I've verified the integrity of png image files with pngcheck, both train and mask images were OK.
For verifying hdf5 input file I use hdfview and h5stat. Does it look correct?

$ h5stat train.h5

Filename: train.h5
File information
    # of unique groups: 1
    # of unique datasets: 94
    # of unique named datatypes: 0
    # of unique links: 0
    # of unique other: 0
    Max. # of links to object: 1
    Max. # of objects in group: 94
...
Summary of file space information:
  File metadata: 35888 bytes
  Raw data: 10981488000 bytes
  Unaccounted space: 3888 bytes
Total space: 10981527776 bytes

How big is a memory usage during U-Net training?

Answer 4 · 2016-08-01T15:08:25.000Z

With default configuration of 64 batch size it takes around 6GB of GPU Space. And around 8 GB of Memory space.

Answer 5 · 2016-08-01T15:24:01.000Z

I have enough memory on my GPU - 12G. I tried batch size of 1, but got the same problem.

Answer 6 · 2016-08-01T15:57:59.000Z

require 'nn'
require 'cunn'

softOutCalc = nn.Sequential():add(nn.SpatialSoftMax())
softOutCalc = softOutCalc:cuda()
ips = torch.rand(8,2,80,80)
ips = ips:cuda()
softOutCalc:forward(ips)

Can you check if this piece of code works?

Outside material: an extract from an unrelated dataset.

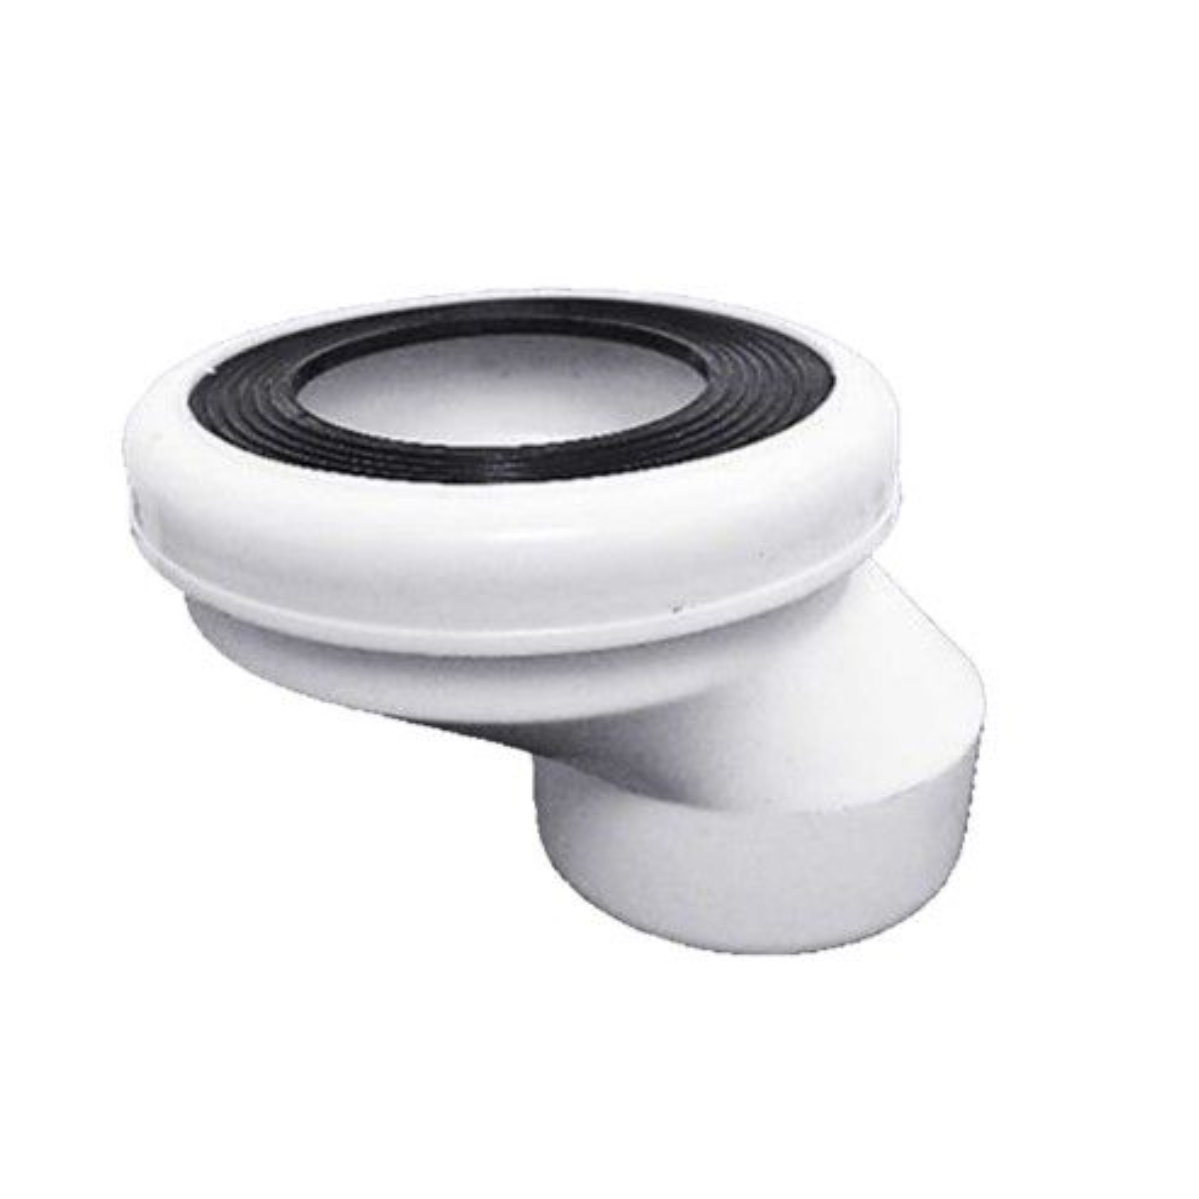 Toilet Bowl Pan Collar 2"/50MM

Answer 7 · 2016-08-01T16:26:02.000Z

The same error!
th> softOutCalc:forward(ips)

THCudaCheck FAIL file=/home/david/torch/extra/cutorch/lib/THC/generic/THCTensorCopy.c line=81 error=77 : an illegal memory access was encountered
/home/david/torch/install/bin/luajit: /home/david/torch/install/share/lua/5.1/torch/Tensor.lua:201: cuda runtime error (77) : an illegal memory access was encountered at /home/david/torch/extra/cutorch/lib/THC/generic/THCTensorCopy.c:81

Answer 8 · 2016-08-01T16:34:36.000Z

I've run test.sh from torch installation, and have FAILED tests.

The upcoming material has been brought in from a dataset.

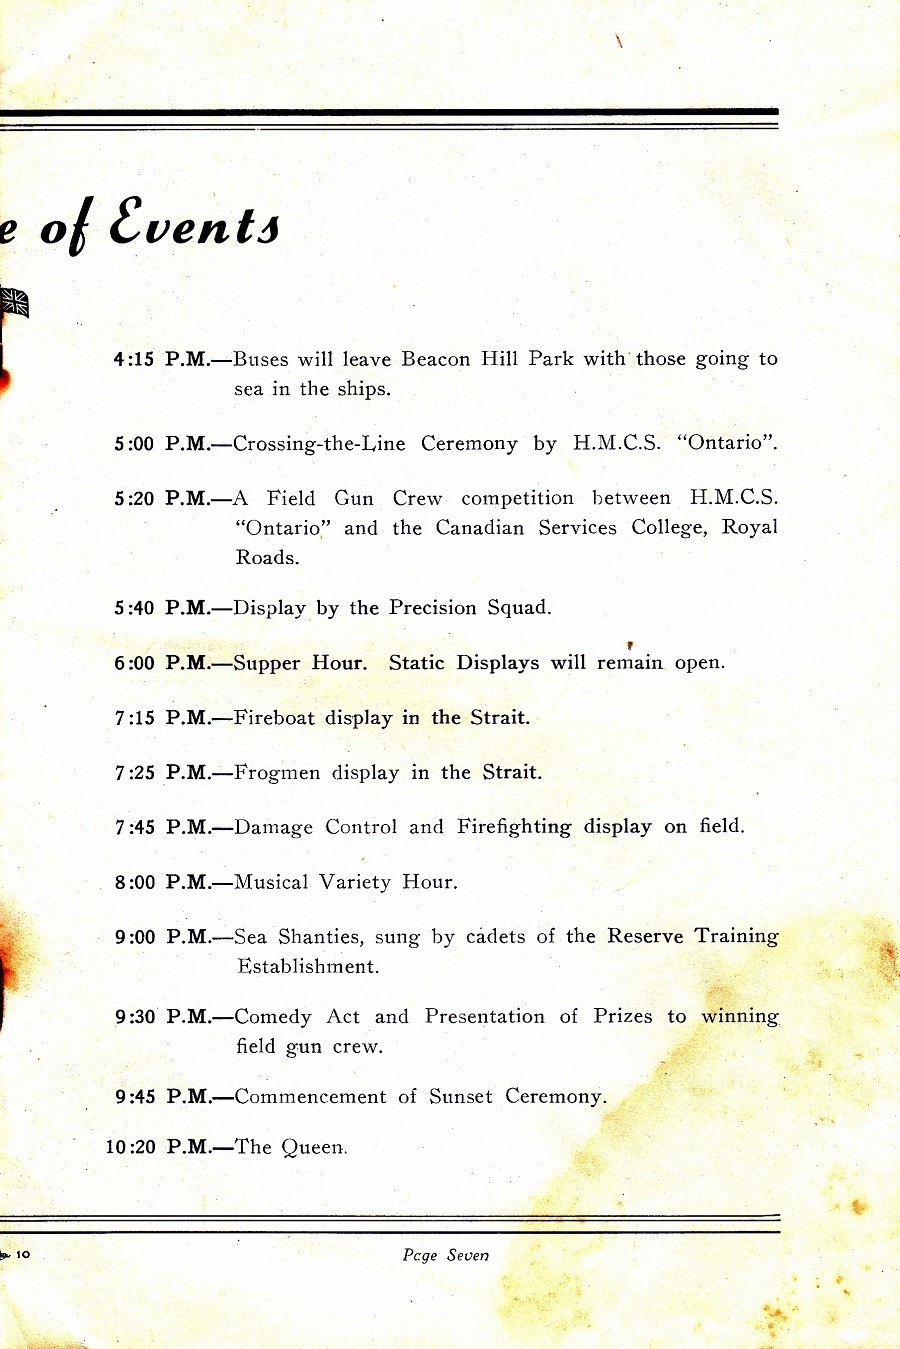 RCN NAVY DAYS 26 July 1952 - Page 7

 33/154 frac2 ........................................................... [PASS]
 34/154 trace ........................................................... [WAIT]{
  input : FloatTensor - size: 487x402
}
 34/154 trace ........................................................... [FAIL]

....

 96/152 SpatialDilatedConvolution_backward_single ....................... [FAIL]

Googling for this.

Answer 9 · 2016-08-01T16:42:28.000Z

These 2 failed tests seem unimportant.

Answer 10 · 2016-08-01T18:00:03.000Z

torch/cunn#292 - I had similar problem. The issue is with the installation of torch and cunn and its libraries. It got solved as we upgraded all the drivers. You can reopen the issue and let us see if we get any support.

Answer 11 · 2016-08-01T18:25:26.000Z

Could you tell the version of drivers you use, please?

Answer 12 · 2016-08-02T06:30:42.000Z

Our Setup: Ubuntu 14.04, TITAN X, CUDA 7.5, CuDNN V5 and nvidia drivers with

version:        361.45.11

Answer 13 · 2016-08-02T06:41:37.000Z

I use exactly the same setup, except older driver v. 352.93. Going to update. Thanks for your significant assist in finding the root cause of the problem. Looking forward to run U-Net training.

Answer 14 · 2016-08-02T08:03:47.000Z

I too got the same error even with the latest driver. We have reopened cunn issue.

I have made a quick fix/hack to get it working. Can you check if it works now?

Answer 15 · 2016-08-02T08:43:28.000Z

Your fix helped, without Nvidia driver update. Thanks!